• _Dataset extract_:
-=-=-

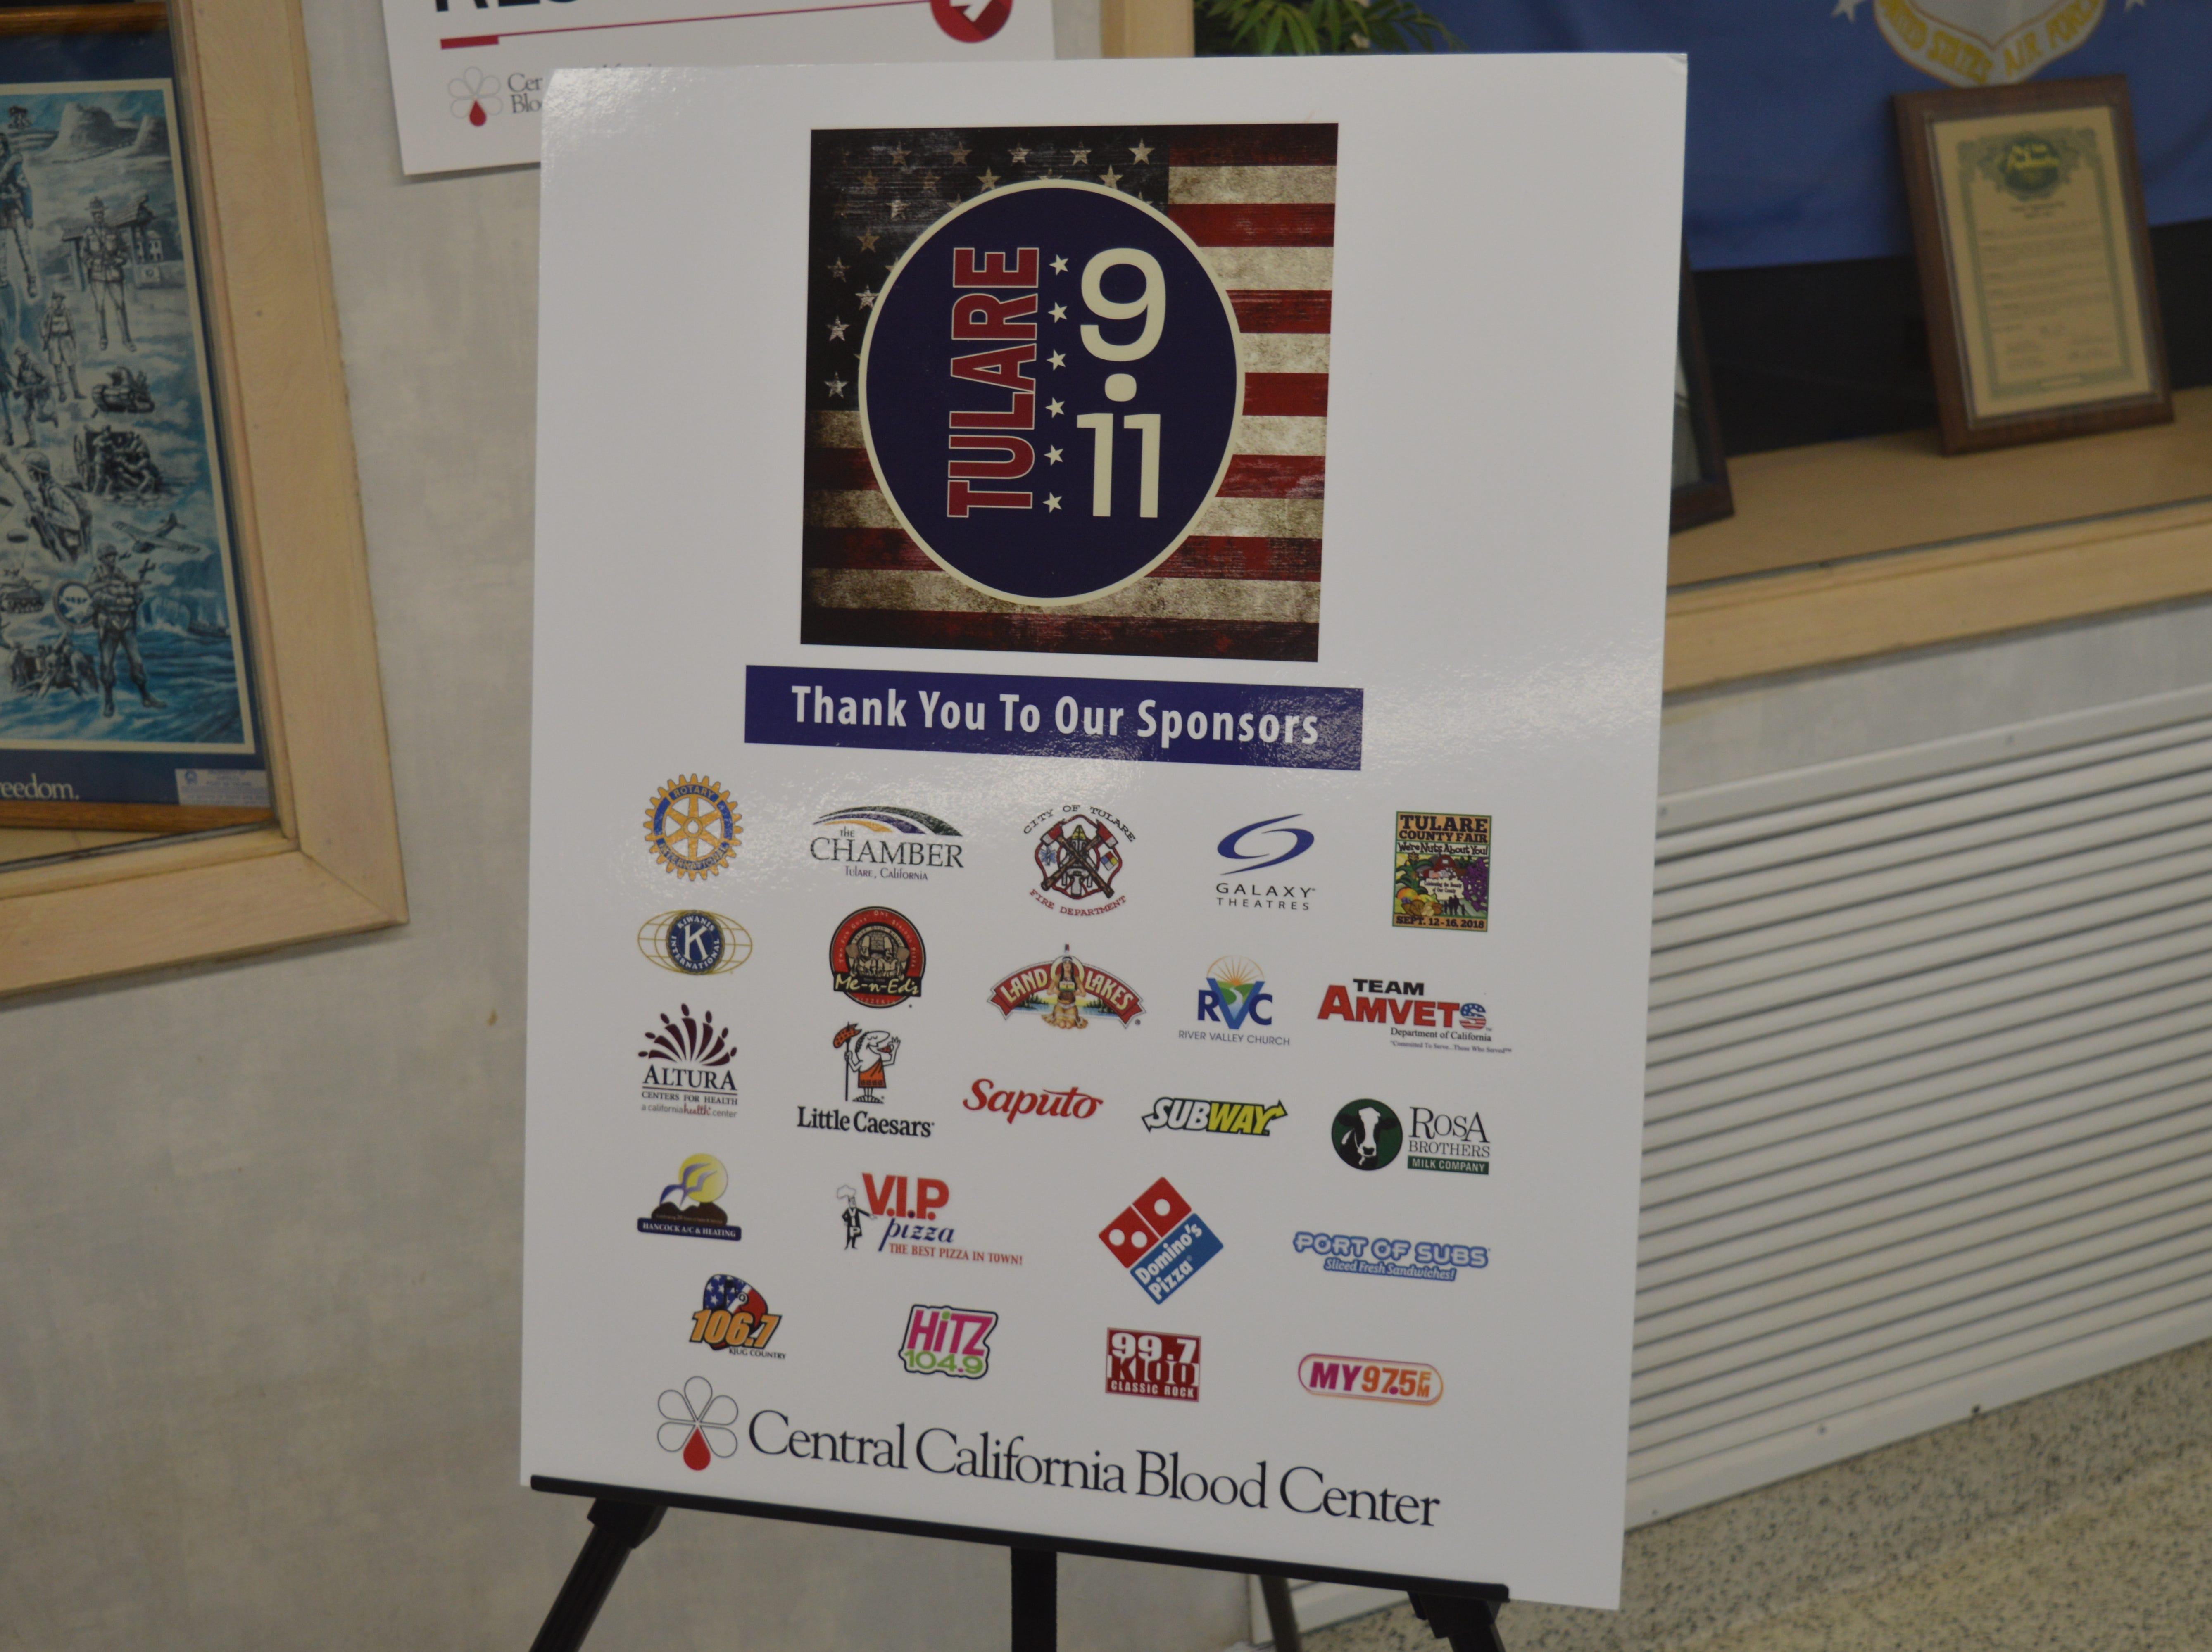 2018 Tulare 9-11 Memorial Blood Drive
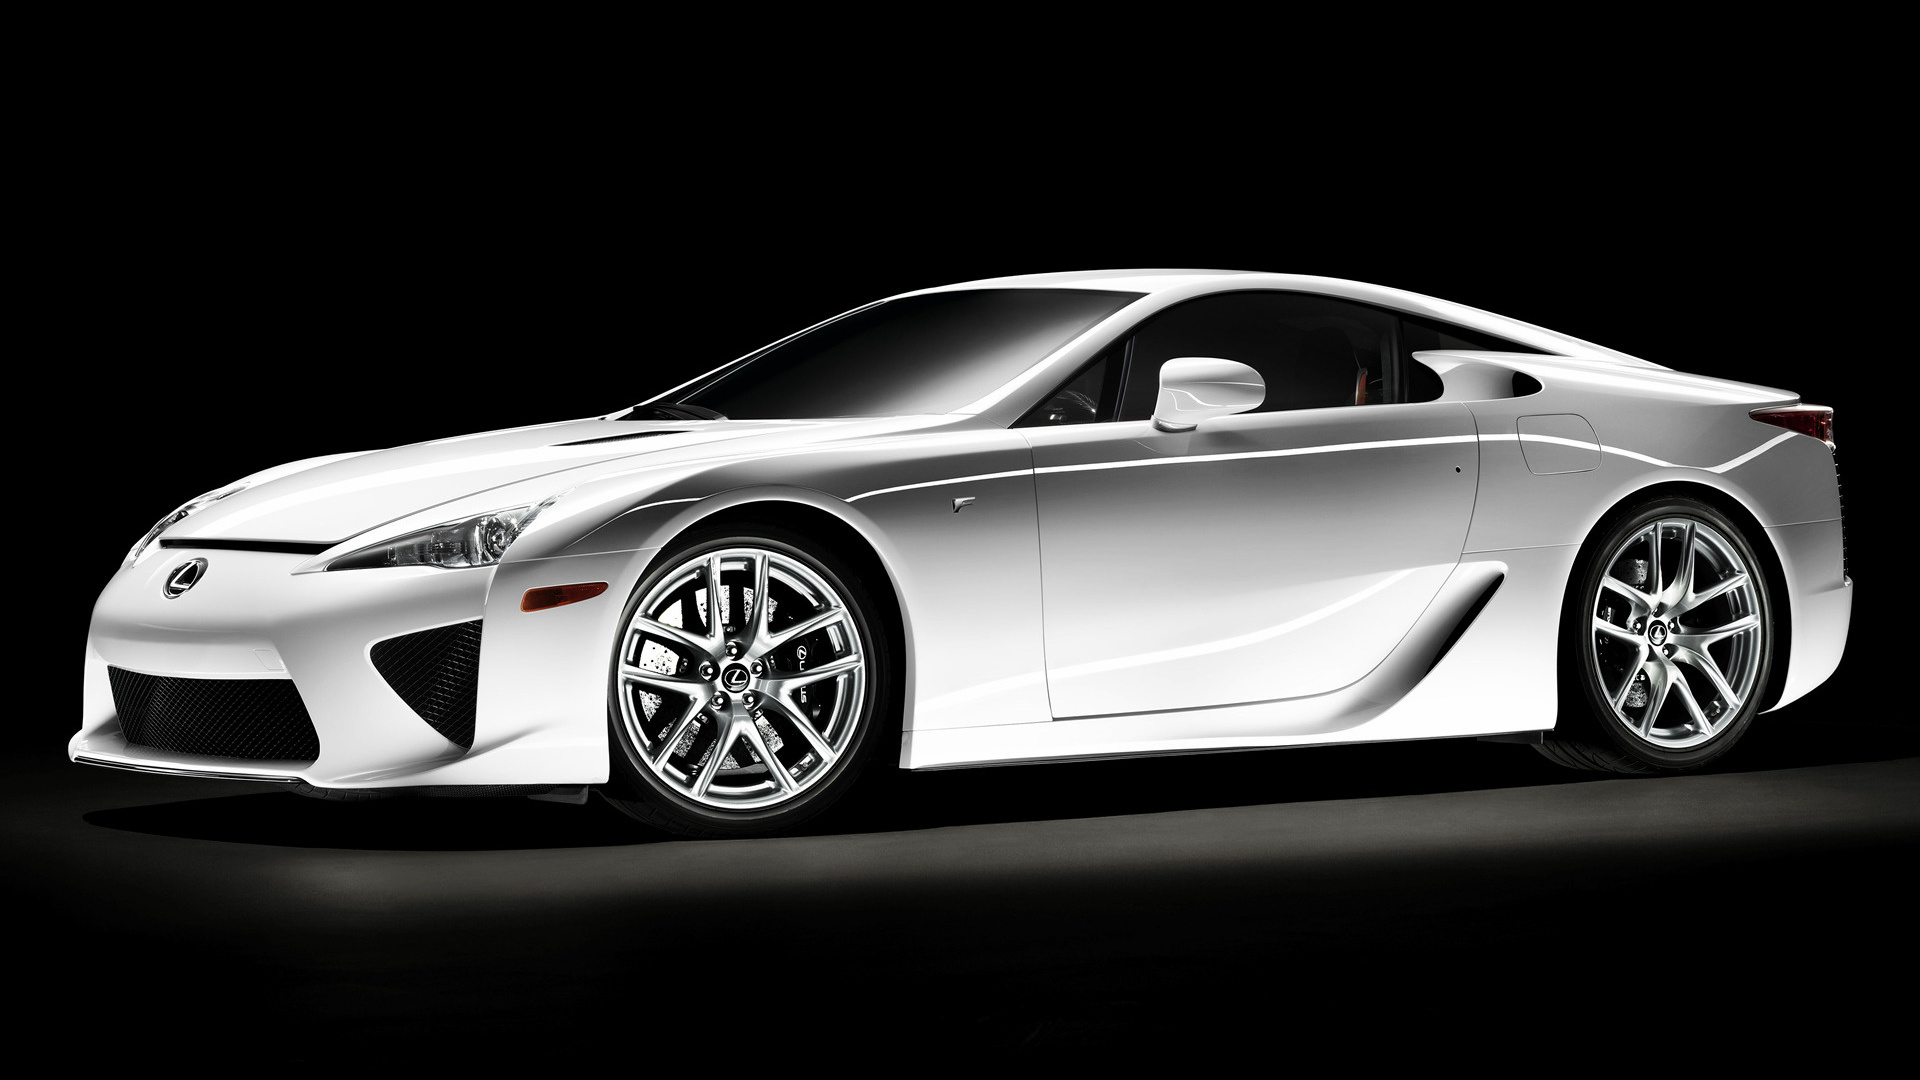 2010 Lexus Lfa Fondos De Pantalla E Imágenes En Hd Car Pixel
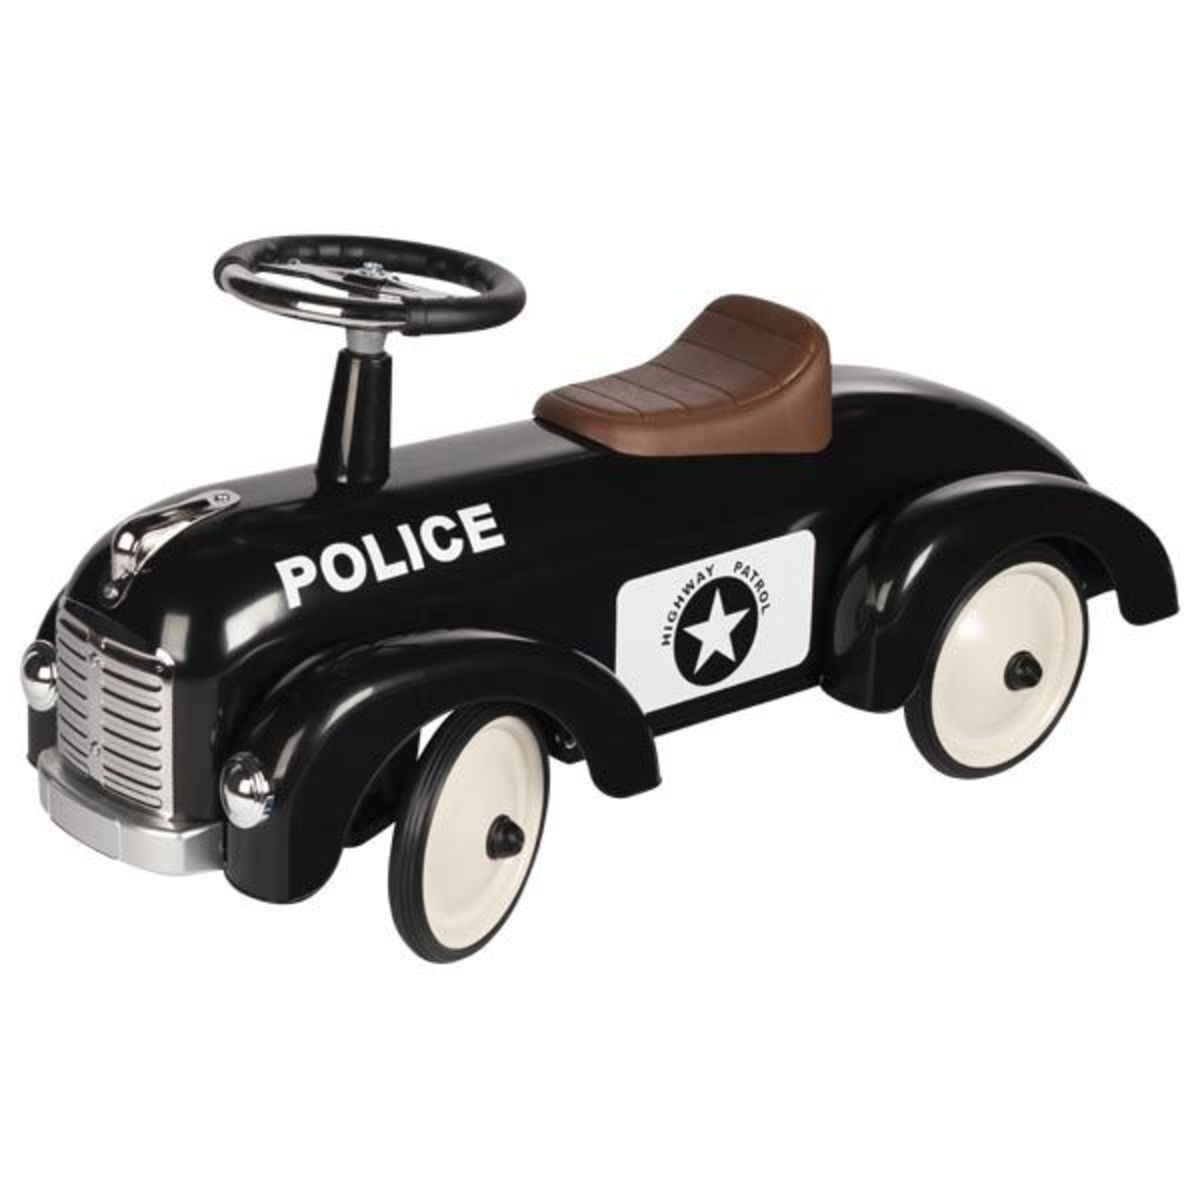 Detské kovové odrážadlo - polícia ride-on car
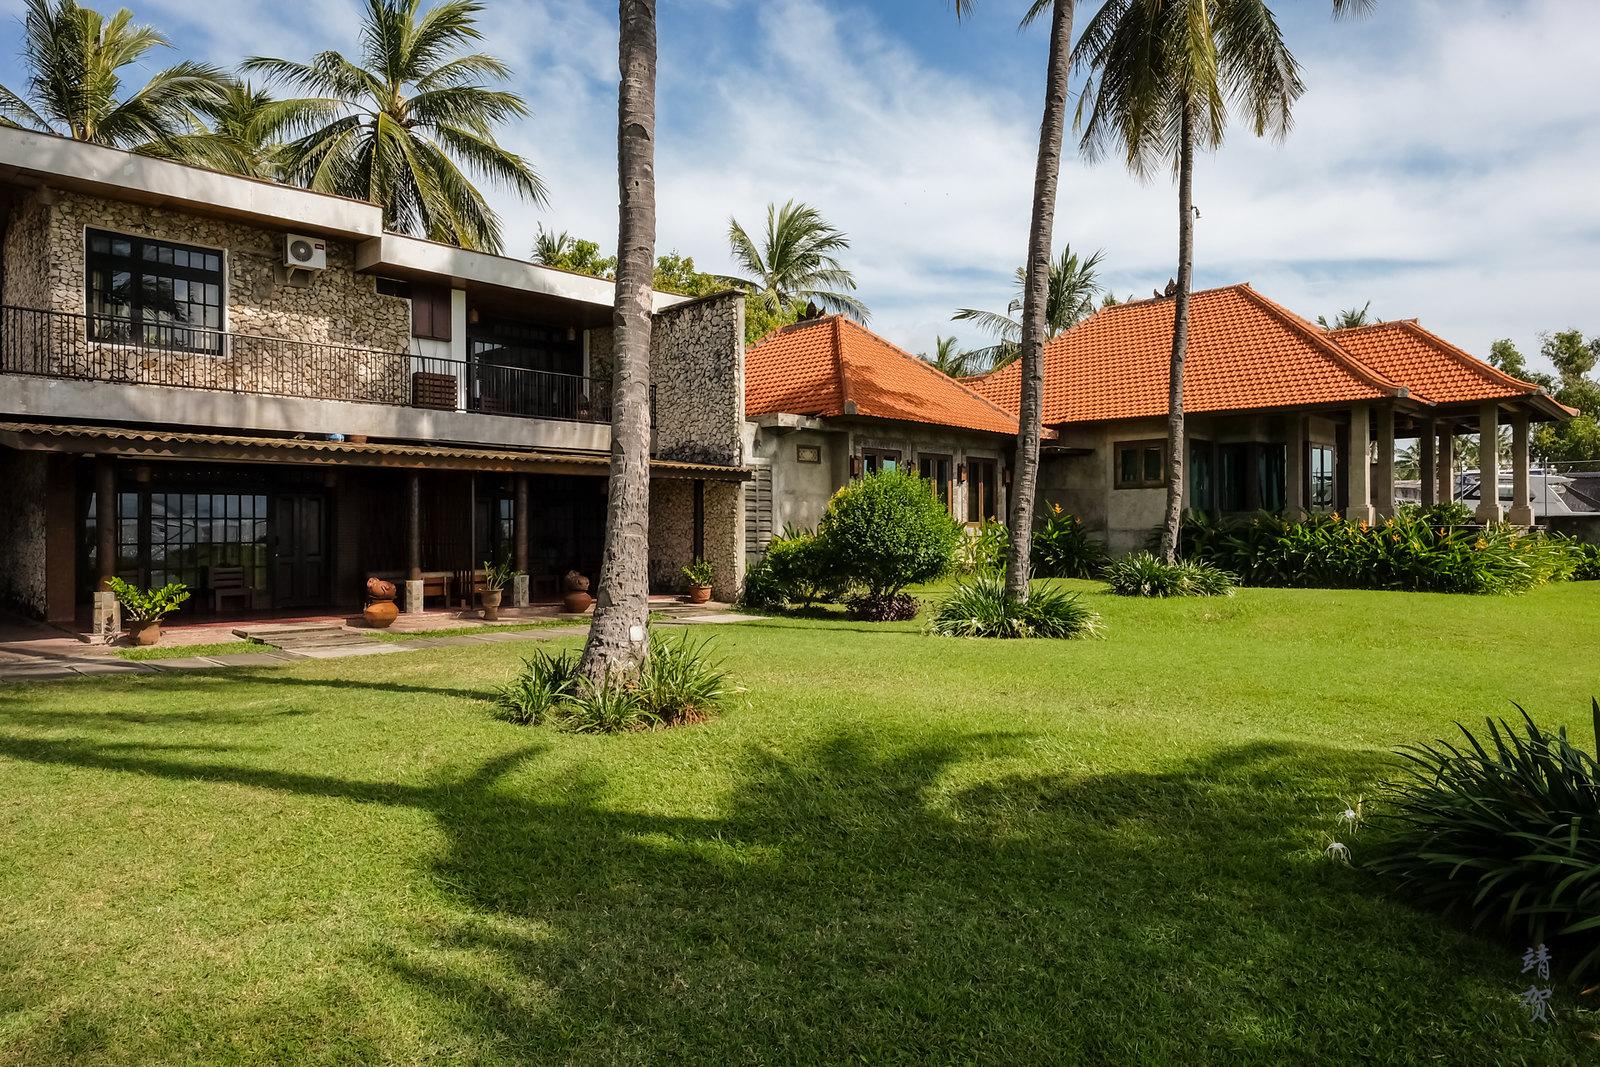 Villa in the resort

-=-=-

• _Problem statement_:
Word for word, please, restate the lines of the listing from the one holding "Detské kovové odrážadlo" down to the last line, leaving out any pictures.

• _Your response_:
 Detské kovové odrážadlo - polícia ride-on car
 Villa in the resort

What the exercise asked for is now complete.